MR: Clinical trial data is different. When looking at clinical data in the health system, you can make observations about patients in the “real world.” On the other hand, a clinical trial involves the testing of a new therapy in which a biopharmaceutical company or a device company has invested a lot of money. There's no question that this trial data should be made available at some point, but the question is when. If you make all of this data available too early, then you make it very easy for competitors to take advantage of the situation, which has a chilling effect on innovation. If you wait too long, you don't have the potential benefits of sharing clinical data. I think the most compelling case for the sharing of data from clinical trials is around the issue of safety.

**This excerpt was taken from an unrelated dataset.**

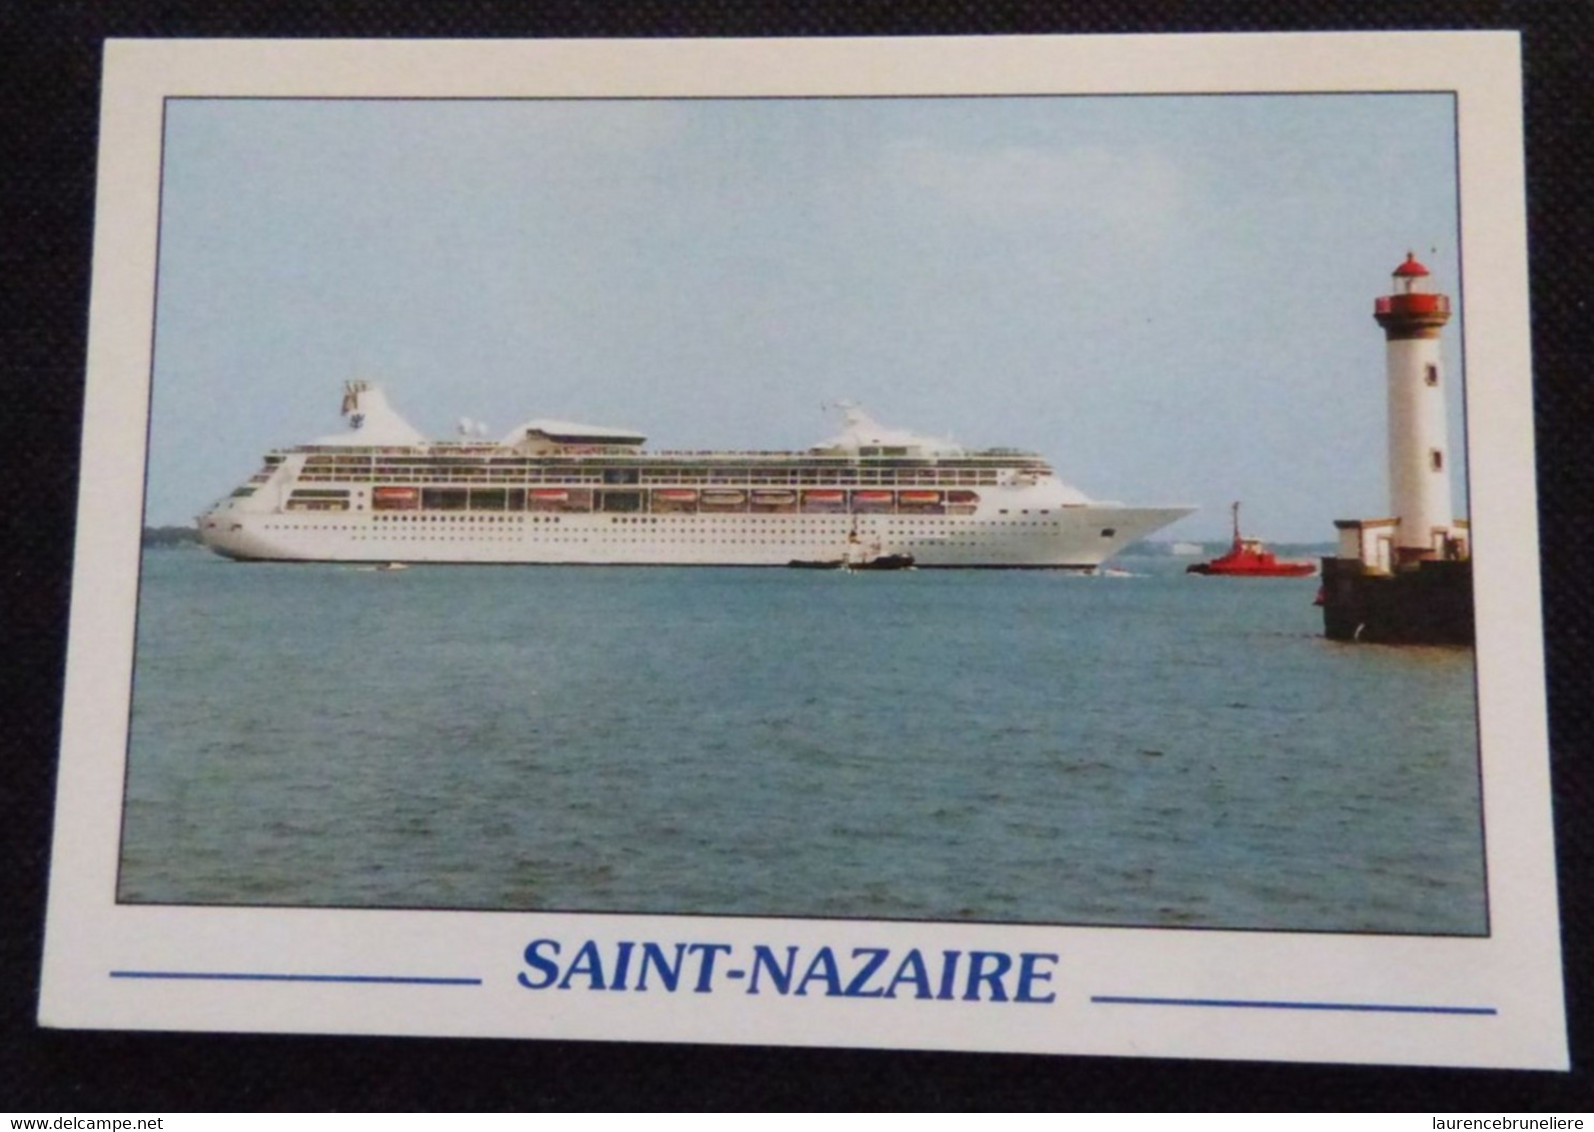 44 -  SAINT-NAZAIRE 44 -  LE RHAPSODY OF THE SEAS CONSTRUIT PAR ALSTOM - Passagiersschepen
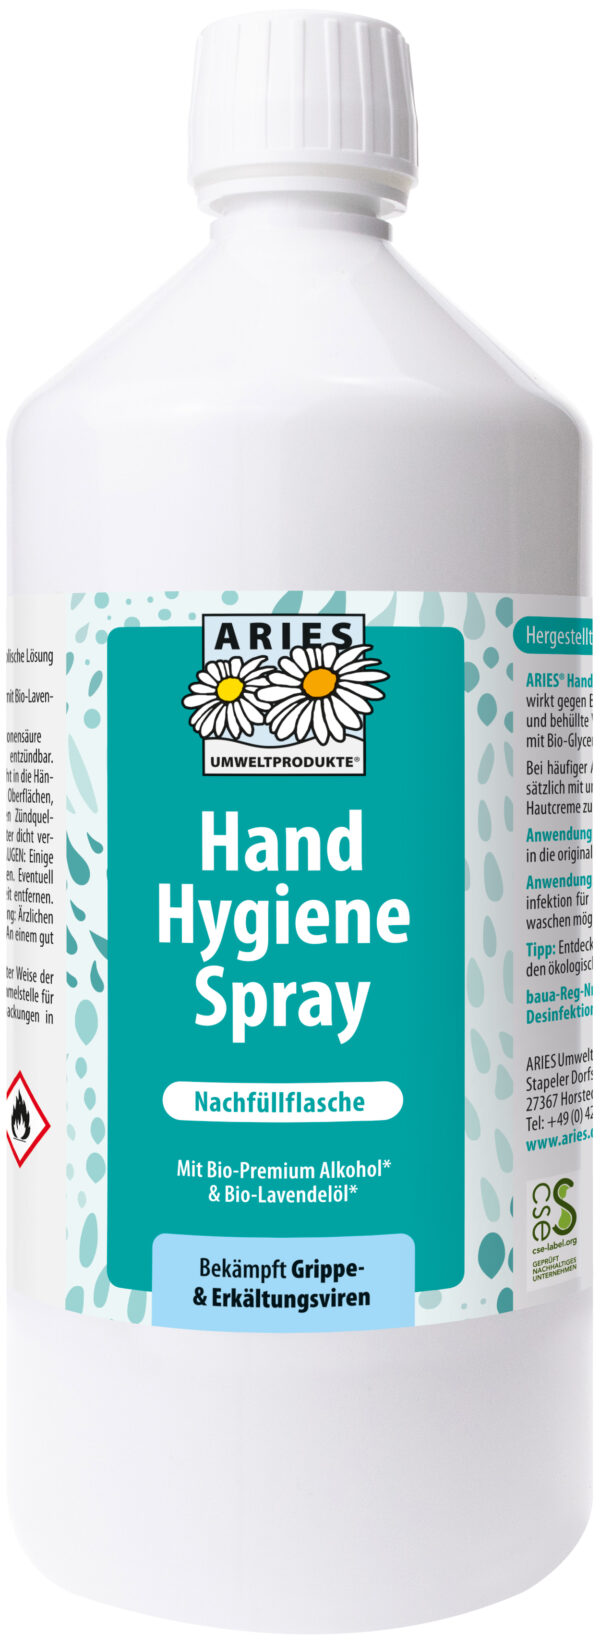 Aries Hand Hygiene Spray Nachfüllflasche 1000ml ***

For example, if you are looking at a new potential drug in clinical trials that displays unexpected adverse effects or toxicity, it's hard to argue that such data on safety shouldn't be made widely available.
Proving efficacy is different. I don't think the argument is as compelling for making that urgently available. Although there's a lot of talk regarding the sharing of clinical trial data, it's actually hard to point to many examples where the sharing of clinical trial data has made new discoveries happen faster or revealed some new insight that wasn't known before. That's another reason that I think that clinical trial data sharing has a slower time point than sharing clinical data from health systems. I remember hearing that from the point of view of journal editors, the inquiries to journals to see the clinical trial data behind publications comes mostly from competitors and from lawyers, rather than from investigators in academia. Ten years ago, when we at Merck started making clinical trial data sets available, we noticed that few people asked for them. These considerations and trends make sharing clinical trial data different from sharing electronic health record data. When we start seeing benefits to sharing this type of data more readily, then sharing may become more prominent, but for now, with the exception of safety data, trial data can be shared, but less urgently
NU: To close, we were wondering if there are other insights or wisdom you’d like to impart to our readership in the medical community?
MR: I imagine that the people who attend Harvard Medical School are pluripotential, in that they’re talented in many areas. Many people spend a lot of time thinking about juggling everything at once because they don’t want to close any options. They want to do as many things as they can for as long as they can. It’s important to remember that life and one’s career are hopefully long, and that you don’t have to do everything simultaneously. Instead, you can do things serially. You can spend part of your career as a laboratory researcher or clinician and spend another part of your career in clinical care delivery. That’s another formula for keeping options open: doing things serially instead of in parallel.